(203d) A Lipobead Microarray Made by Microfluidic Entrapment

This presentation will describe the design of a bead-based, microfluidic array platform for the display of cell membrane sequestered receptors, to be used for the high-throughput, multiplexed screening of these receptors with extracellular target molecules. The design will be of multiple use, but our particular focus is to utilize the platform as a sensor for the detection and identification of bacterial exotoxins (pathogens) by displaying in the platform the cell membrane glycolipids which are selectively bound by the toxins as their first step in cell invagination.

Our array platform is a microfluidic cell fabricated by soft lithography out of polydimethyl siloxane (PDMS) with the surfaces of the fluidic pathways functionalized with polyethylene glycol (PEG) to prevent nonspecific adsorption of biomolecules. The cell consists of a single rectangular channel in which an obstacle course of capture elements (traps) have been arrayed to capture microbeads. The channel is approximately 60 microns in height and 1- 3 mm in width. The microbeads are 40 microns in diameter glass particles. Each trap consists of two concave elements to form a wine cup-shaped enclosure. Each element is separated from the other by a 25 microns gap in width, so that the flow can pass through the wine cup-shaped trap and a certain proportion of total streamlines can carry the lipobeads into the trap. Their capture is undertaken by streaming the microbeads through the cell, allowing the particles to be entrapped by the capture elements. In principle, the cell can be partially filled with one set of entrapped microbeads, spatially indexed by optical inspection, and then filled sequentially and indexed with other sets of beads to form a complete array of entrapped microbeads.

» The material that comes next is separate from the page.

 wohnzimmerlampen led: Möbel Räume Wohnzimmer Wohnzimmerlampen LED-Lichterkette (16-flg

The microbeads are the hosts for the cell membrane receptors. In order to accommodate the strict requirement that the receptors need to be sequestered in a lipid bilayer to retain their selective and high affinity binding, lipid bilayers of DMPC are first formed around the particles to form lipobeads. This is undertaken by forming vesicles of DMPC by hydration of dried films of the phospholipid, and then fusing the vesicles to the silica surface. The receptors are sequestered in the bilayers by constituting the film with the receptors, or, in the case of delicate proteins, inserting them afterwards into the formed bilayer.

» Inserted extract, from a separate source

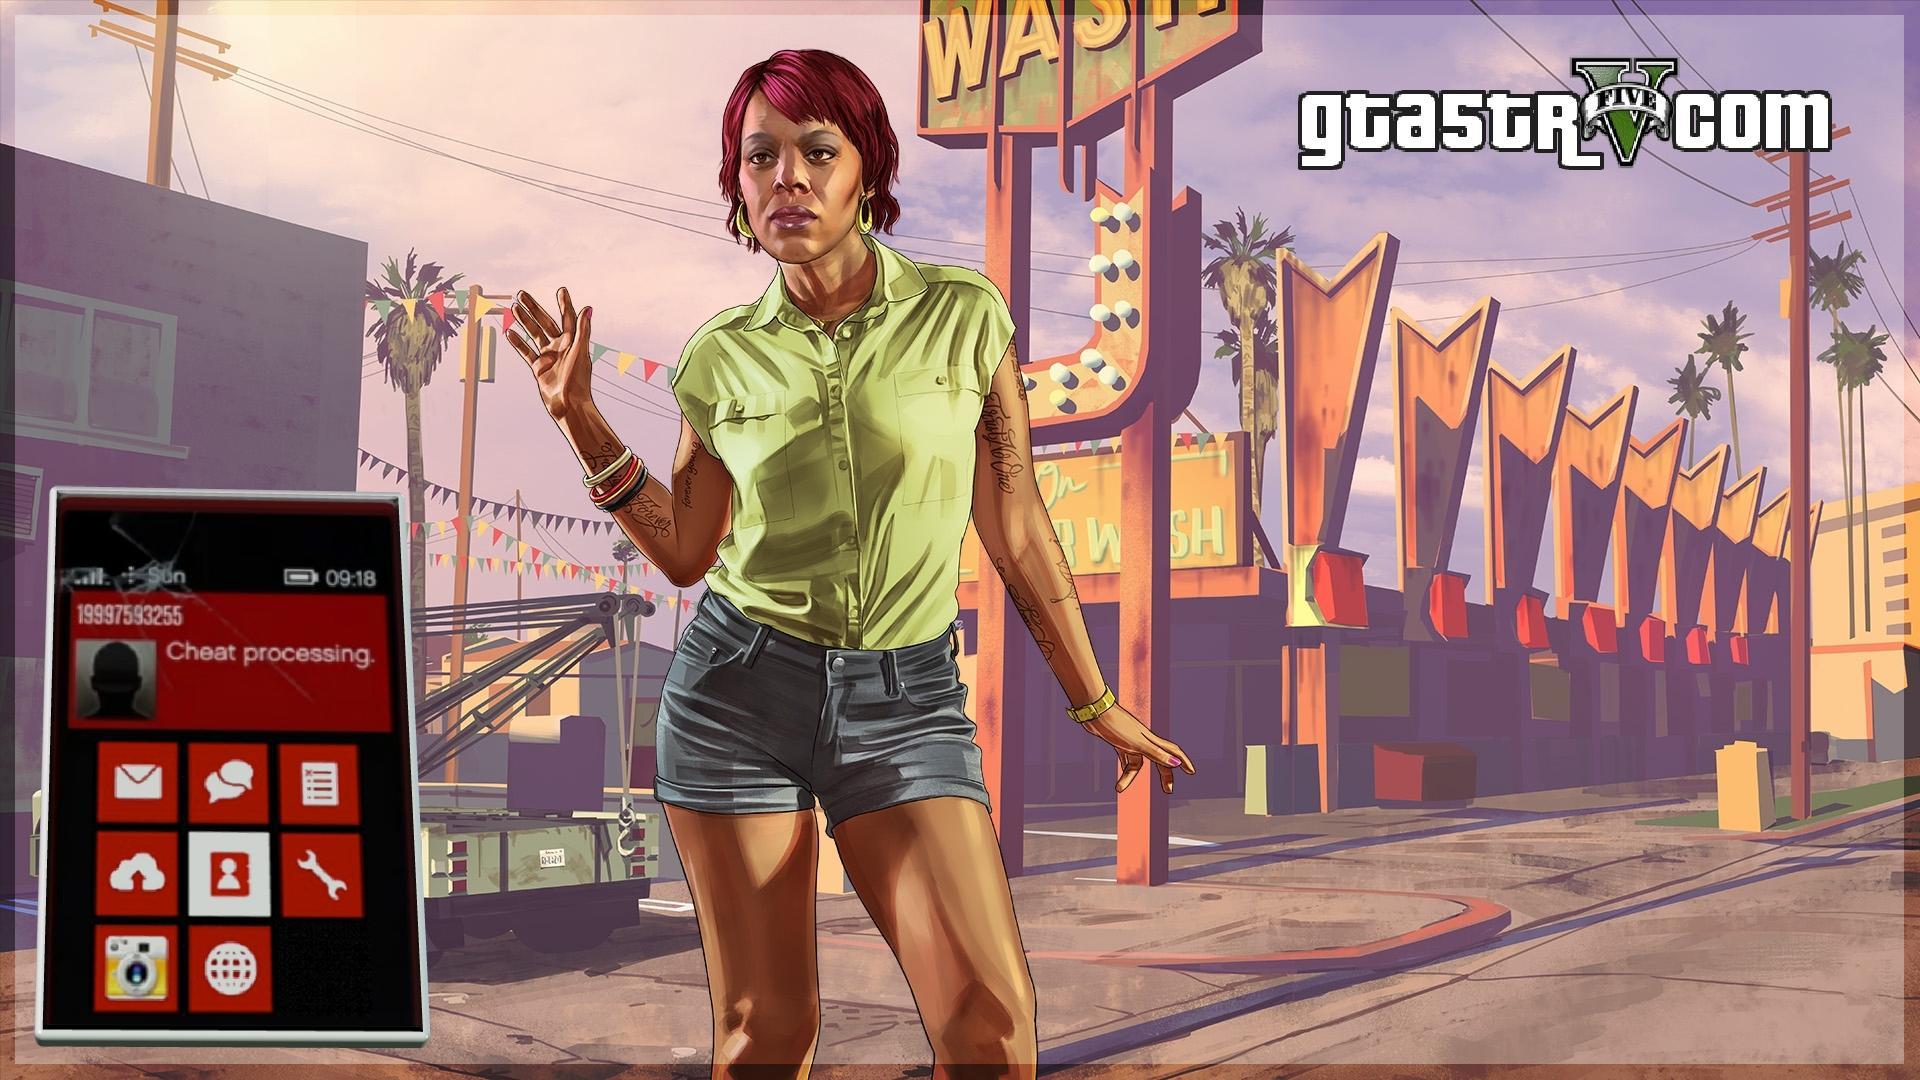 GTA 5 Hilesi Cep Telefon Numaraları

A functioning microfluidic array is constituted by trapping different sets of lipobeads, with each set displaying a different receptor. After entrapment, analyte solutions with labeled targets are flowed through the cell, and microbeads binding the labeled target can be identified using wide field fluorescence microscopy. The receptor on the microbead surface is identified by the array registrycompiled during the filling of the traps. The small size of the microbeads and the array allows for a miniaturization which is at least an order of magnitude smaller in size than can be accomplished with conventional microarrays set-up by using robotic fluidic dispensing to form spotted arrays.

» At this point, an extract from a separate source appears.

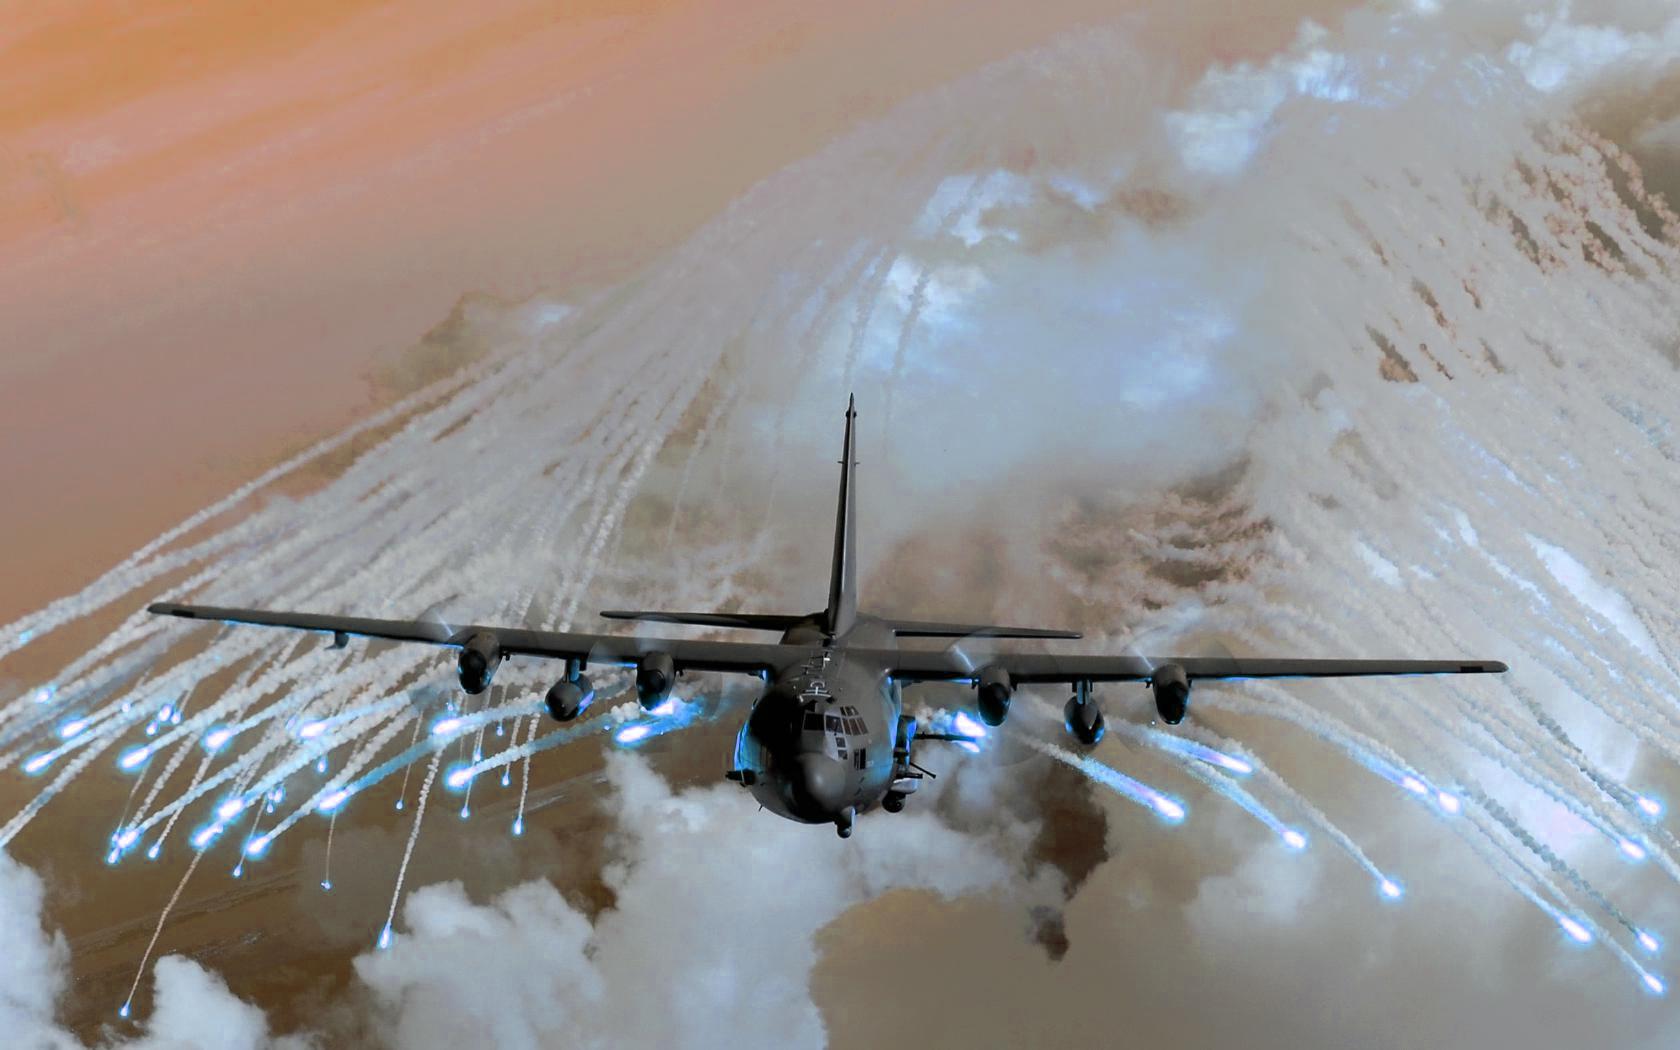 Militär - Lockheed AC-130  - Ac130 - Ac 130 Hintergrundbild

In this presentation, we demonstrate the utility of this platform for multiplexed screening using biotin-streptavidin as an example of a selective biomolecular interaction. Biotin conjugated lipids ? the receptor - are sequestered into a DMPC lipobead bilayer, and displayed in the array by fluidic entrapment. A second set of lipobeads, not containing the biotin ?receptor? is also displayed by sequential entrapment. An analyte containing fluorescently labeled Neutravidin is then flowed through the cell. The Neutravidin selectively binds only to the microbeads containing biotin displayed on their surface as evidenced by the localized fluorescence on only the biotin lipobeads.